Dr Lalchandani Labs Ltd H1 FY26 Half-Yearly Results: ₹2.05 Cr Revenue, ₹0.20 Cr PAT, Promoters Exit Faster Than Patients
1. At a Glance – The Lab Coat Looks Clean, The Balance Sheet… Not So Much
Dr Lalchandani Labs Ltd is one of those microcap healthcare stocks that looks harmless at first glance—white lab coat, NABL accreditation, diagnostic tests, Delhi NCR presence—and then you open the financials and suddenly the ECG monitor starts beeping. With a market cap of about ₹9.49 crore and a current price hovering near ₹21.9, this is a company that lives in the deep SME alley of Indian diagnostics, far away from the air-conditioned lounges of Dr Lal PathLabs and Metropolis.

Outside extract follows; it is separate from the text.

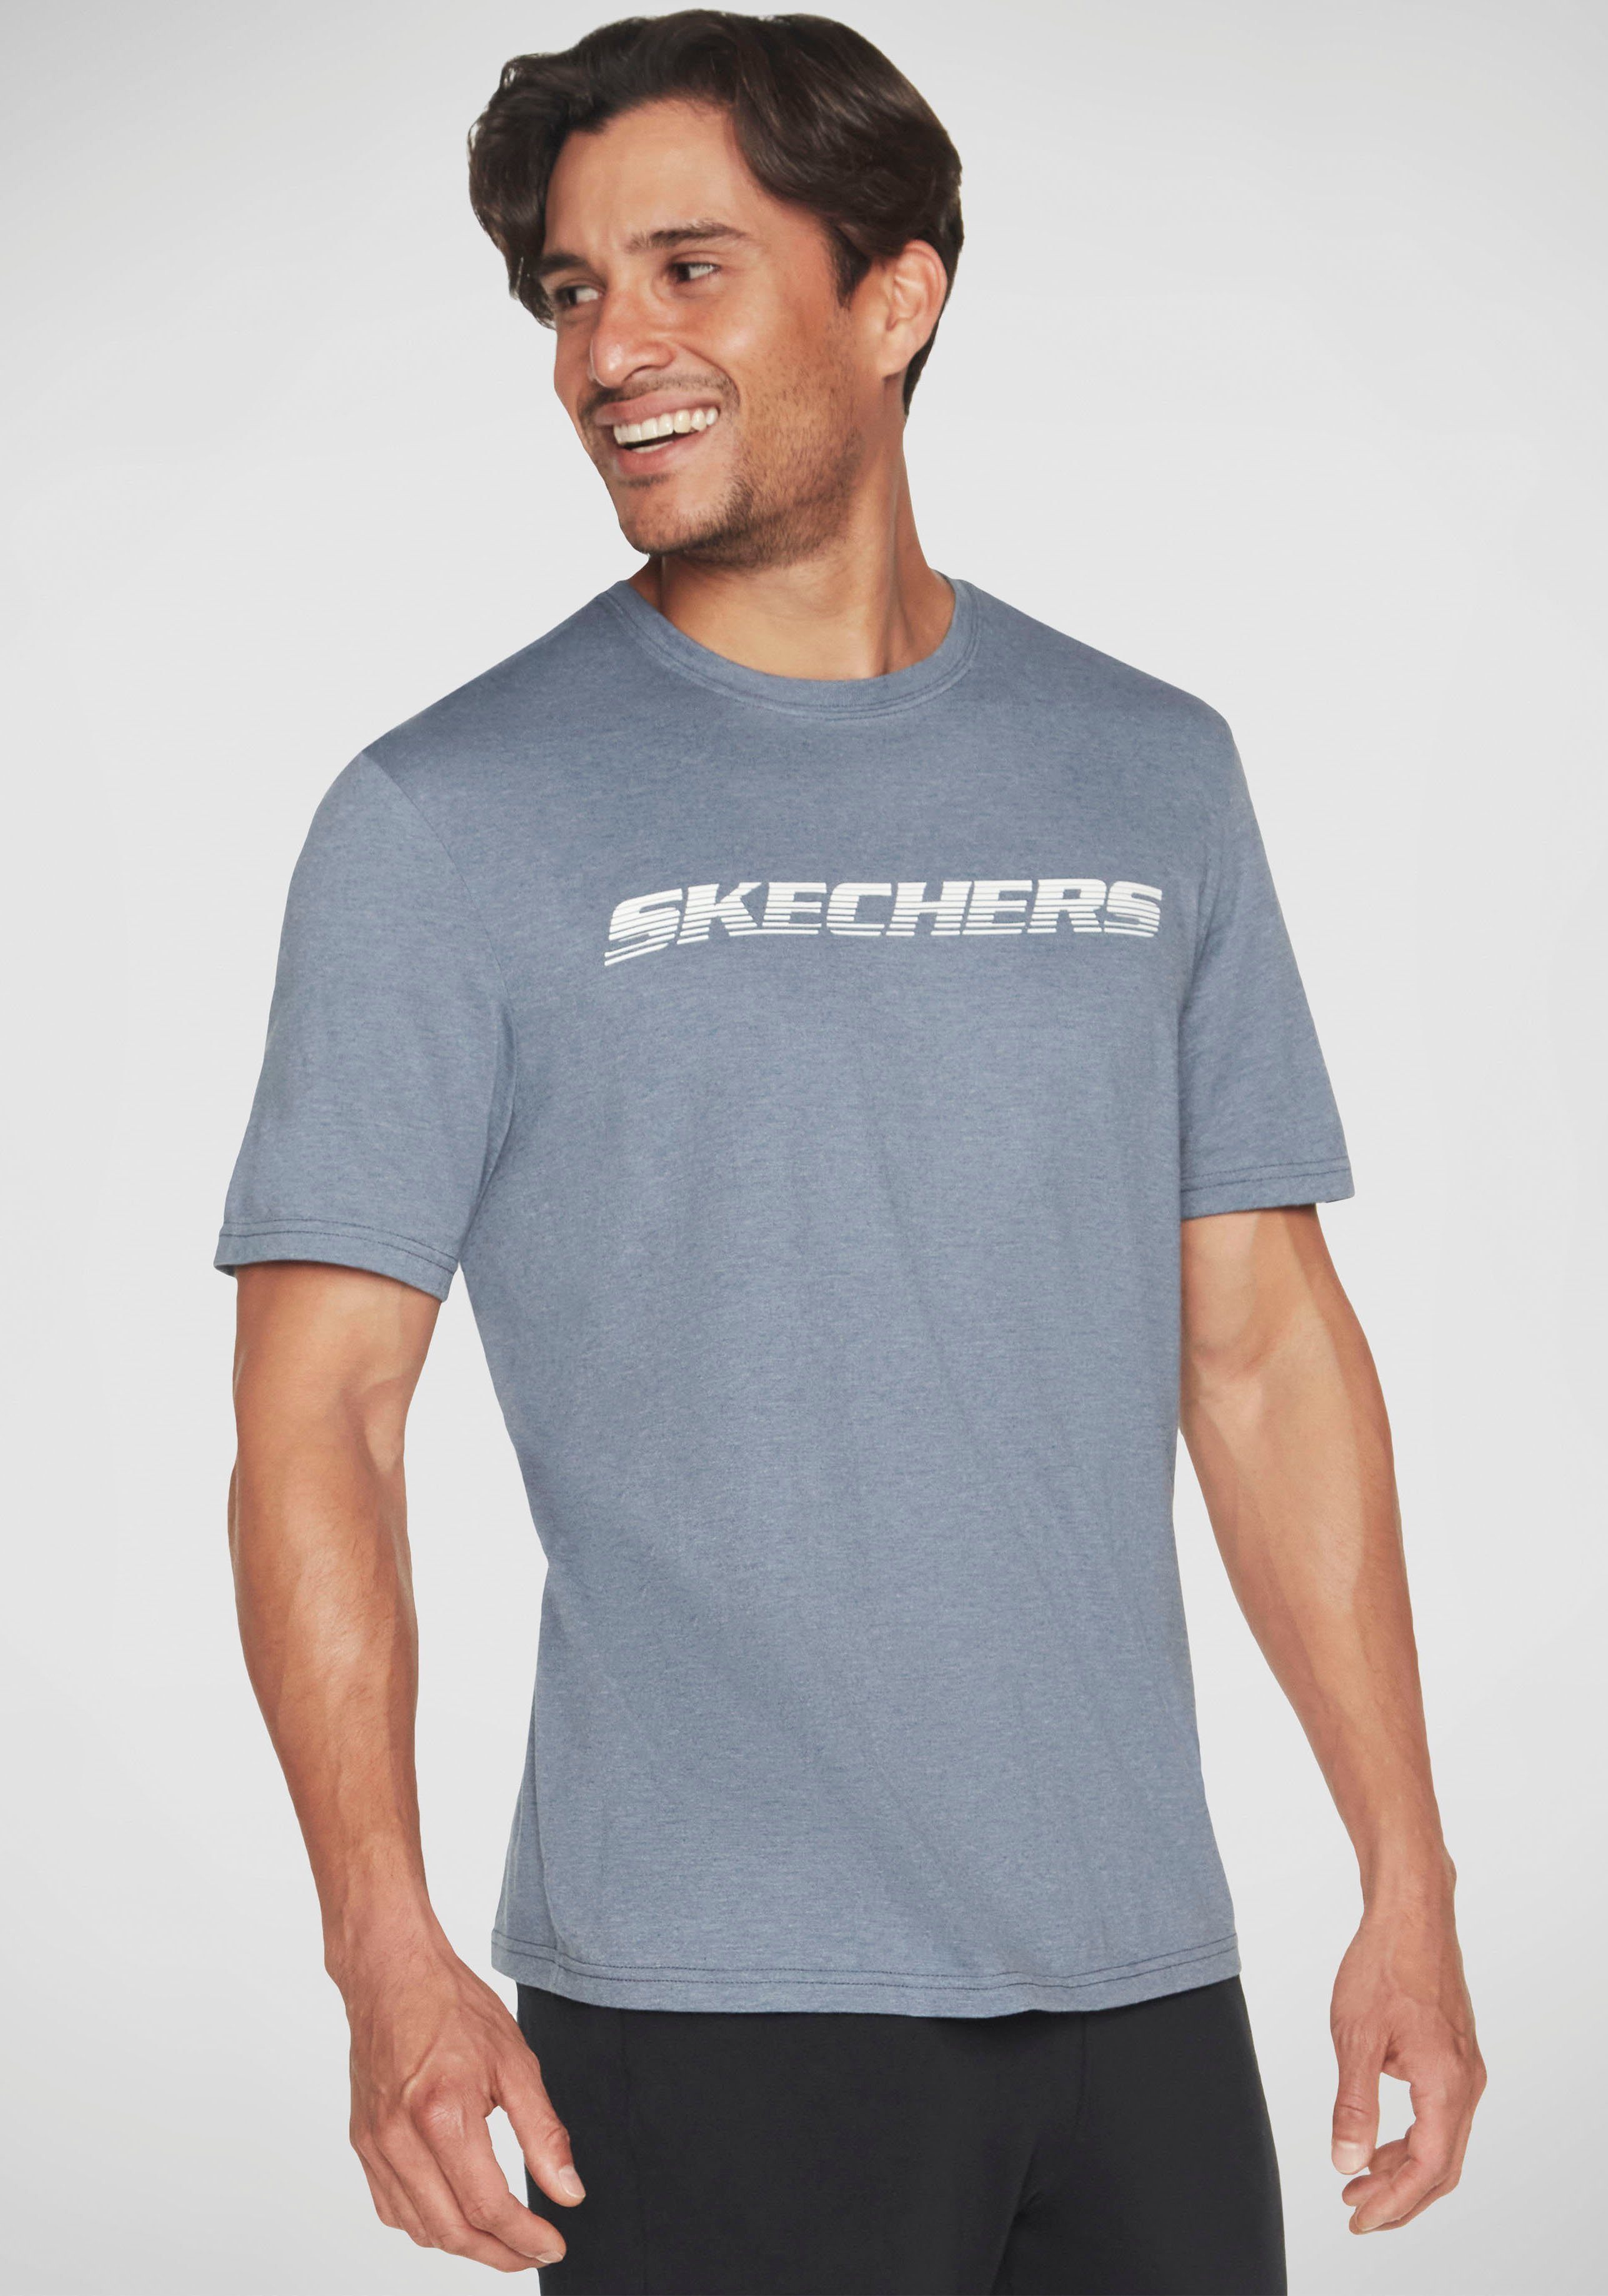 T-Shirt Skechers TEE MOTION blaugrau

Latest half-year numbers show sales of ₹2.05 crore and PAT of ₹0.20 crore, which on paper looks like a decent recovery compared to last year’s chaos. Profit grew sequentially even though revenue dipped slightly QoQ. Stock P/E sits around 20, price-to-book is 0.93, and ROE is a modest 3%—basically, valuation says “cheap”, returns say “don’t get excited”, and promoters say “we are slowly leaving the party”.
The stock has delivered about 23% return over one year, which sounds impressive until you realize three-year returns are negative and promoter holding has collapsed from 60% to 31%. The business is alive, the lab machines are running, but ownership confidence is clearly on life support. Curious already? Good. Let’s scrub in.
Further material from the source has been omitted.